Тернослив приостановилась, чтобы бросить разгневанный взгляд на Дара, который протягивал ей указанный сосуд. Оба кадета стояли в «пожарной цепочке», которая очищала от грязи повреждённую паводком кухню Норф. Грязь внутри ведра кипела и воняла. На поверхность всплыла раскалённая пятнистая спина, а затем снова скрылась в раздражённых струях пара.
— Что, слишком горячо для тебя? — осведомился Дар невинным тоном.
Затем он озабоченно нахмурился и закачался на месте, как будто собираясь шлёпнуться лицом вниз в липкую грязь, что покрывала пол на уровень лодыжек.
— Тернослив!
От резкого тона Джейм кадетка скорчила рожу, но Дар всё же перестал шататься. Затем он начал рыгать.
Приступ всё продолжался, сгибая его почти пополам, и Мята обхватила его рукой для поддержки, — Разрешите перехватить немного свежего воздуха, Десятка?
— Идите. А ты веди себя хорошо, — строго сказала Джейм Тернослив. — Посмотрим, не удастся ли нам посадить зверюгу в кухонный камин, — добавила она, указывая на приподнятый, относительно сухой очаг. — Если удастся хорошо её устроить, то нам никогда больше не понадобится дежурный кухонный огонёк.
Она наблюдала, как кадет осторожно подталкивает ящерицу, направляя её в гнездо из растопки, которая немедленно вспыхнула. Саламандра свернулась в огне клубочком, пуская пар и мурлыча, как чайник.
— Ха! — сказала Тернослив, бросая быстрый взгляд на своего несостоявшегося мучителя.
Они с Даром бодались неделями, но, к облегчению Джейм, Тернослив всё же не доводила дело до крайностей. Неужели она наконец-то отрастила себе совесть или это только потому, что она чувствовала, что Джейм не спускает с неё глаз? Теперь ей на ум пришла третья возможность: Тернослив могла просто-напросто развлекаться.
— Ты пропустила пятно, — сказал Тиммон со своего судейского насеста, возвышаясь над всем этим безобразием.
— В данный момент я пропускаю целый этаж, но он где-то там, внизу. Почему ты не помогаешь чистить свои собственные казармы?
— Мне гораздо больше нравится наблюдать, как этим занимаешься ты. Я же был хорошим мальчиком. по большей части. Разве это не даёт мне право немного порадовать себя, хотя бы время от времени?
— Ты снова начинаешь уклоняться от дел.
— Да, но только от некоторых.
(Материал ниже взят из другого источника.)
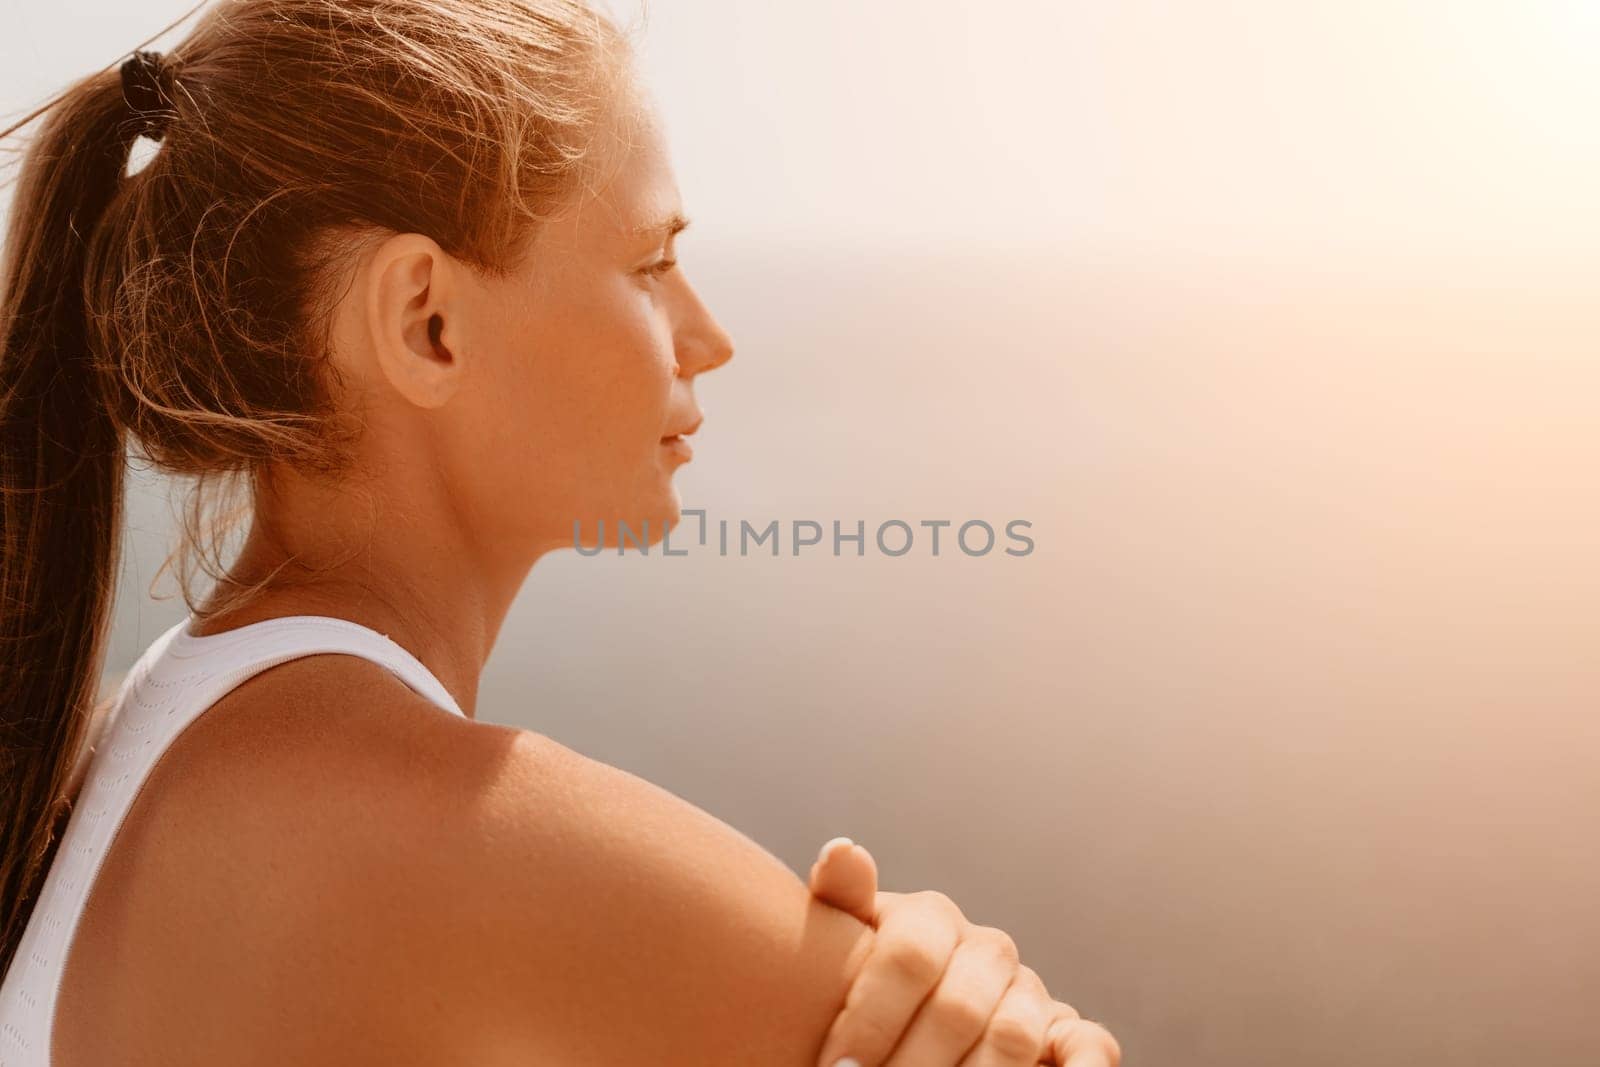 Woman sea pilates. Sporty middle-aged woman training in pilates on yoga mat by sea. concepts of health, wellness, and mindfulness in exercise, promoting the benefits of active and balanced lifestyle by panophotograph

Но вообще-то, я хотел спросить: ты не разговаривала с Горбелом с тех пор, как он вернулся из Рестомира?
— Я пыталась. Он не ответил.
— Ха. Там определённо что-то затевается. Досада и Хигберт сверкают своими ухмылками по всему училищу, а у Коменданта мы тоже почти ничего не выяснили.
Наверху раздались голоса, один из них — настойчиво требовательный.
Тиммон замер в смятении. — Этого не может быть.
Но так оно было.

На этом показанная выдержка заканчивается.